# Underbase Question?



## Filth Ink (Jul 31, 2016)

Hi,

When you guys are doing your underbases what is the most basic settings? Like say when you need to choke the underbase do you put a 1"-2" stroke on it and what I'm having a hard time with is do you apply the stroke to the Outside, Center or inside? 

Also what's the most average stroke size 1",2" etc. 

I understand underbases can get very detailed I'm just looking for a basic starting point. 

Thanks,
Joe


----------



## hawaiianphatboy (Apr 28, 2008)

If i am putting an underbase, I will normally leave the original design alone if possible, and use that as the underbase. I will then add a one or two point stroke, depending on how it looks, to the top layer. If the design looks a little too thick withe the stroke on the top layer, only then will i put an choke on the underbase layer and then leave the top layer alone. Good Luck and Aloha


----------



## ABM (Mar 15, 2015)

You shouldn't have to use more than a 1pt stroke. Center stroke will work fine. On smaller art like a left chest or sleeve you can get away with something a little smaller like .6pt, .75pt, etc.


----------



## Filth Ink (Jul 31, 2016)

ABMG said:


> You shouldn't have to use more than a 1pt stroke. Center stroke will work fine. On smaller art like a left chest or sleeve you can get away with something a little smaller like .6pt, .75pt, etc.

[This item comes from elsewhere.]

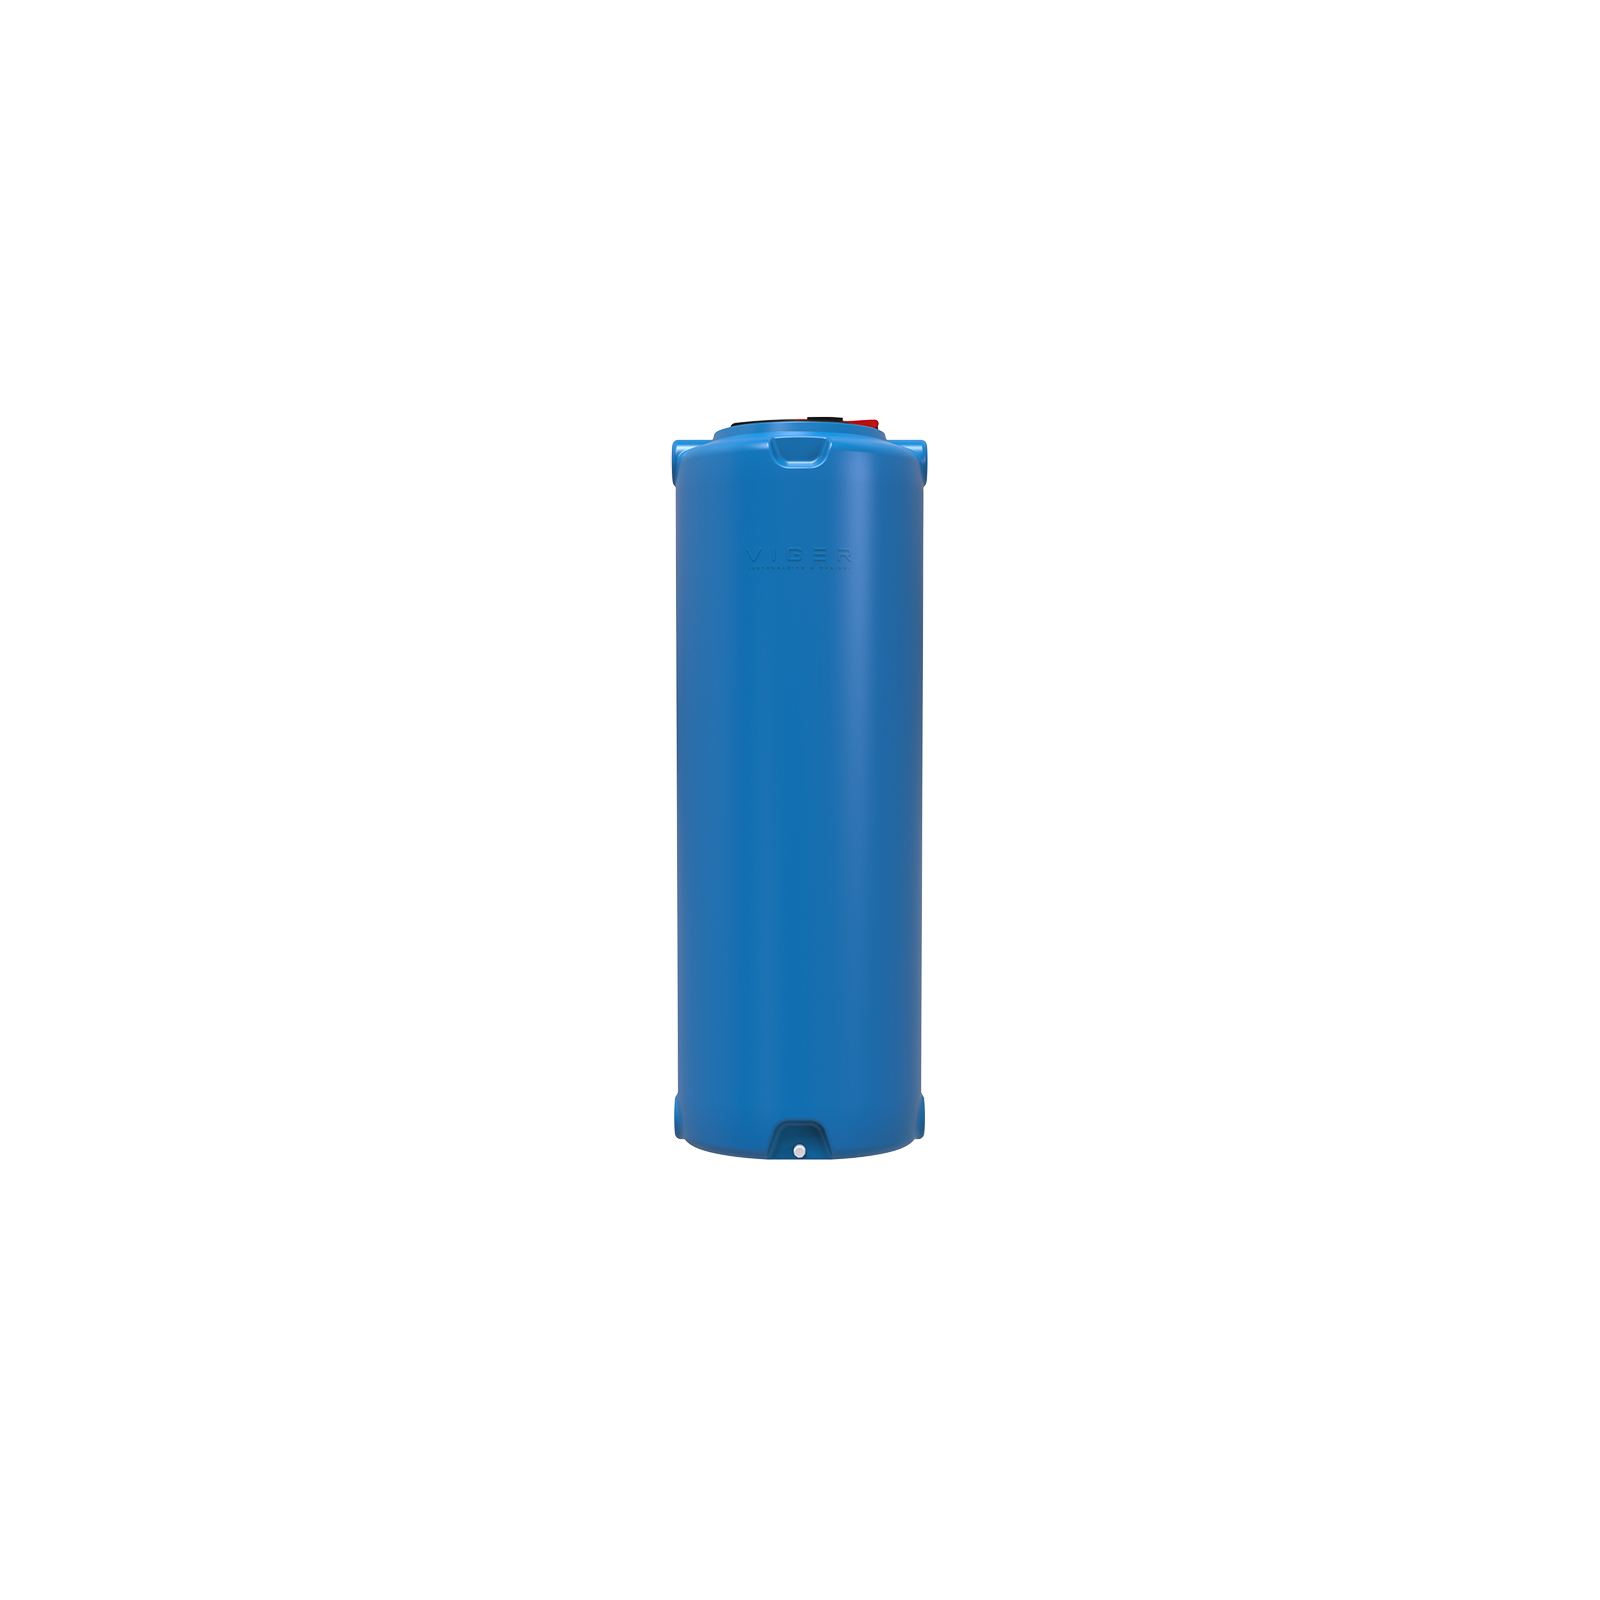 Ємність для води Вігер вертикальна харчова 1000 л вузька, кришка з клапаном синя (13231)

Thank you so much, I usually use 1pt but just didn't know inside, outside or center for the stroke.


----------



## Filth Ink (Jul 31, 2016)

hawaiianphatboy said:


> If i am putting an underbase, I will normally leave the original design alone if possible, and use that as the underbase. I will then add a one or two point stroke, depending on how it looks, to the top layer. If the design looks a little too thick withe the stroke on the top layer, only then will i put an choke on the underbase layer and then leave the top layer alone. Good Luck and Aloha


Yea I was thinking about just doing it like this cause as ling as I line it up right it should cover it, when I try and add a stroke or choke is when I start having problems. Like where to apply the stroke....center, outside or inside cause they all seem to do different stuff. 

Thanks,
Joe


----------



## codyscottbarry (Apr 5, 2016)

say a 1 inch. circle....
my underbase would be 1 inch circle.....and my overlaying circle will be 1 inch + 1/16th of an inch (1.0625")

works for me all the time.


----------